К сожалению, эта несложная истина скрыта огромным количеством ложных стереотипов, которыми до сих пор плотно окутана Крымская война.

Например, одним из подобных устоявшихся заблуждений является якобы полнейшая несостоятельность армии и флота России по сравнению с военной мощью союзников.

Общим местом при упоминании Крымской войны стали утверждения, что войска союзников были лучше вооружены, лучше оснащены технически, а солдаты и военачальники имели лучшую подготовку. Даже легендарная Флоренс Найтингейл, в честь которой учреждена высшая награда Международного Красного Креста, одна только и заботилась о раненых солдатах союзников119. Да как ещё, если не подавляющим превосходством, объяснить несомненную и безоговорочную победу западноевропейской коалиции в войне против отсталых русских?

Объективности ради отметим, что проблем и недостатков у российских вооружённых сил периода Крымской войны было намного больше, чем принято считать.

Для примера можно привести прикрывавшую устье Днепра крепость Кинбурн, которая с боем была захвачена западноевропейцами в октябре 1855 года и без боя оставлена ими же через три месяца. Война шла полным ходом, а военное министерство в Петербурге даже не имело представления, сколько и какой именно артиллерии состоит на вооружении этой крепости!120

Ещё одной действительно огромной проблемой оказалась принятая на тот момент в русской армии тактика ведения сухопутного боя121. Считалось, что для достижения успеха в бою пехоте необходимо в сомкнутом строю сблизиться с противником и опрокинуть его штыковой атакой. Соответственно, в тактической подготовке войск основное внимание уделялось сохранению порядка строя при движении, то есть обыкновенной маршировке. Стрелять же из ручного оружия русского солдата особо и не обучали122.

Первое реальное столкновение с западноевропейскими армиями показало критические недостатки российской военной тактики: в сражении при Альме атакующие колонны русских полков расстреливались ружейным огнём союзников ещё при подходе. Кроме того, это сражение в дальнейшем послужило основой для появления, наверное, самого знаменитого мифа Крымской войны: русские проиграли войну, дескать, потому что были поголовно вооружены устаревшими гладкоствольными ружьями, которые по дальности и точности стрельбы значительно уступали современным нарезным винтовкам британцев и французов.

Действительно, в Альминском сражении для русской армии оказалась неприятным сюрпризом ситуация, когда её ружья поражали противника с 300 шагов, а противник вёл результативный огонь на вдвое большей дистанции. Однако на самом деле основной причиной этого различия было отнюдь не наличие или отсутствие нарезов в стволах.

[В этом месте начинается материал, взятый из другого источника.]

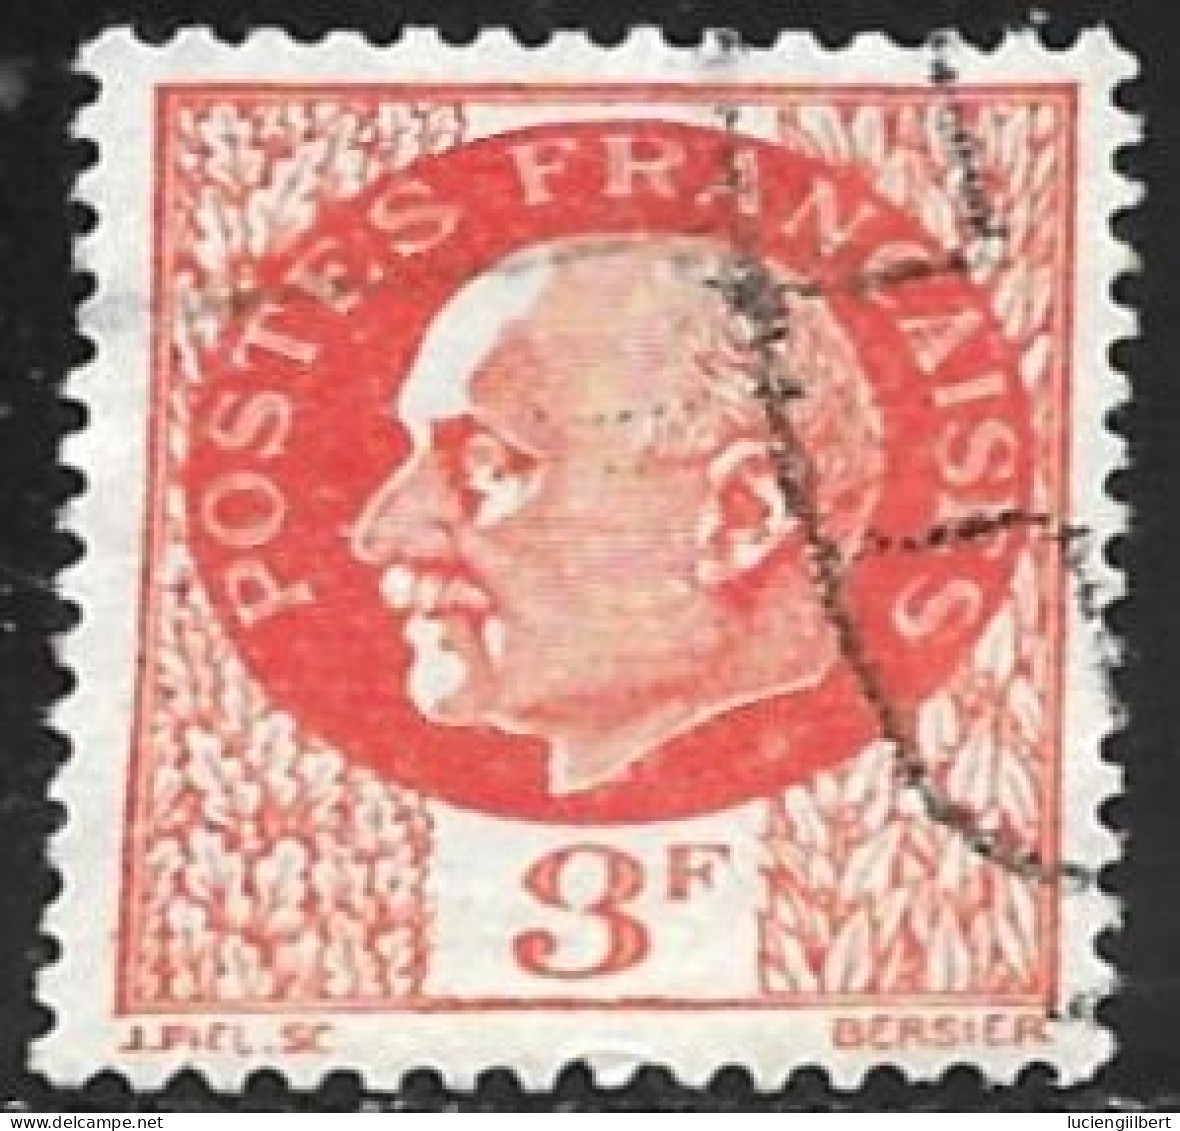 TIMBRE N° 521  -  PETAIN  -  OBLITERE  -  1941 - Used Stamps

Дело в том, что винтовки периода Крымской войны, при всех своих плюсах, имели существенный недостаток — низкую скорострельность. В то время они заряжались, как и гладкоствольные ружья, с дульной стороны: то есть солдат ставил ружьё прикладом на землю, вставлял в ствол пулю и проталкивал её к зарядной каморе, в которой уже находились капсюль и порох (из-за этого, кстати, приготовить оружие к стрельбе возможно было только стоя). Однако если по гладкому стволу пуля продвигалась относительно свободно, то при наличии нарезов её приходилось в буквальном смысле забивать в ствол специальным молотком. Поэтому вооружённый винтовкой солдат на каждый свой выстрел получал два-три выстрела от солдата с гладкоствольным ружьём.

Чтобы ускорить заряжание нарезных ружей, их стволы начали делать намного короче, чем у обычных гладкоствольных, из-за чего такие ружья получили название «штуцер», что в переводе с немецкого на русский означает «обрезанный». У винтовочных обрезов увеличивалась скорострельность, однако при этом существенно уменьшалась такая важная характеристика, как начальная скорость полёта пули: например, распиаренная мифически легендарная британская винтовка «Энфилд» образца 1853 года (1853 Enfield Rifled Musket) успевала разогнать пулю в своём коротком стволе всего до 270 метров в секунду. Для сравнения: этот же показатель у предназначенного исключительно для ближнего боя советского пистолета Макарова (ПМ) равен 315 метров в секунду.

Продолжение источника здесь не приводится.